= Henriette Darricarrère =

Born in Northern France, Henriette Darricarère was a ballerina, musician, and muse for the painter Henri Matisse. Darricarère was discovered at age nineteen in the Victorine Studios in Nice by Henri Matisse, for whom she modeled until she married.

From 1920 to 1927 Darricarère was Matisse's most important model. Matisse is said to have "liked her natural dignity, the graceful way her head sat on her neck and, above all, the fact that her body caught the light like a sculpture." Darricarère is known for her odalisque poses, often with her arms raised or folded behind her head. ‘These are remarkable poses to hold for 10 hours at a time — and then 10 hours the next day too,’ comments Matisse's biographer Hilary Spurling ‘But she was extraordinarily patient and had terrific stamina.’ This specialty pose was discovered by accident after a carnival party attended by Matisse and his daughter.; after the fancy-dress party the girls posed for the artist in costume. Spurling writes that 'Henriette was so receptive’ to this act of dressing up that Matisse would not have gone on to paint the ‘Odalisques’ had she responded differently. Spurling contends that ‘It was very much an equal partnership between the two of them'. With Darricarère, Matisse reached the apogee of his preoccupation with the odalisque in 'Decorative Figure On an Ornamental Ground' (1926).

This tradition of harem painting is being rigorously problematised by modern spectators and art historians. Wheaton College professor Ellen McBreen writes in the catalogue of the Matisse in the Studio,' exhibition she helped to organise in 2017, that the cultural interchange one sees in these paintings was “made possible by larger political structures, such as colonialism, which in turn made African and North African culture accessible to Matisse in the first place. Needless to say, there would have been no West and Central African sculpture to study or collect in Paris in the early 20th century without European colonists invading those lands: African art was the spoils of this war.” Greg Cook writes that "In Matisse’s art, this larger colonial context that he’s working within becomes most troubling when it’s reflected in paintings depicting European sex fantasies featuring the conquered peoples." Tongue in cheek, Cook asks his readers "Is It Still OK To Like Matisse’s Harem Fantasy Paintings?"

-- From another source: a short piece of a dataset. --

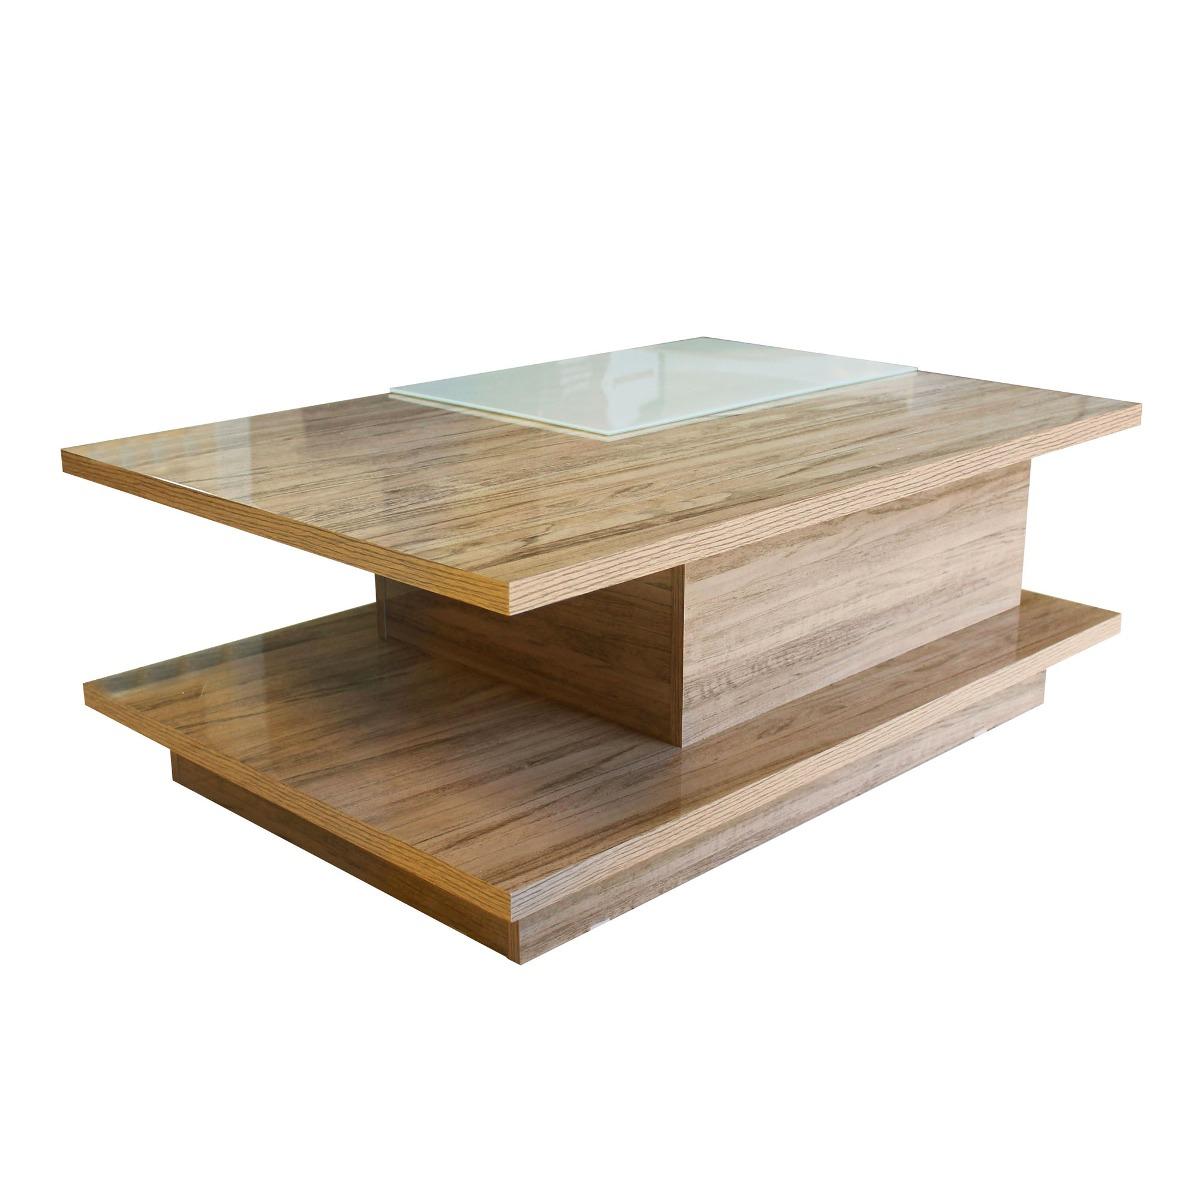 Mueble Mesa De Centro Rinnova Polaris Avela 57 900 En Mercado  # Muebles Rinnova

A consummate violinist, like Matisse with whom she would play duets, Darricarère had planned to start a musical career at a concert in Nice, however her experience of acute stage fright dissuaded her. Even though the performance in Nice was exceptionally well regarded she vowed never to perform again. Matisse, who had ensured that she could keep up music and dance lessons while she was working for him, decided to help her wish to have a backup career and taught her how to paint. These lessons are the subject of both 'The Morning Session' (1924) and 'The Three O'Clock Sitting' (1924). Darricarère successfully submitted some of her own work to the annual Salon des Indépendants in Paris, where one of her paintings was immediately purchased.

This emphasis on Darricarère's backup plan mirrors a crisis moment in Matisse's own life, when he feared that he was going blind and turned his attention to the violin as a kind of career insurance policy.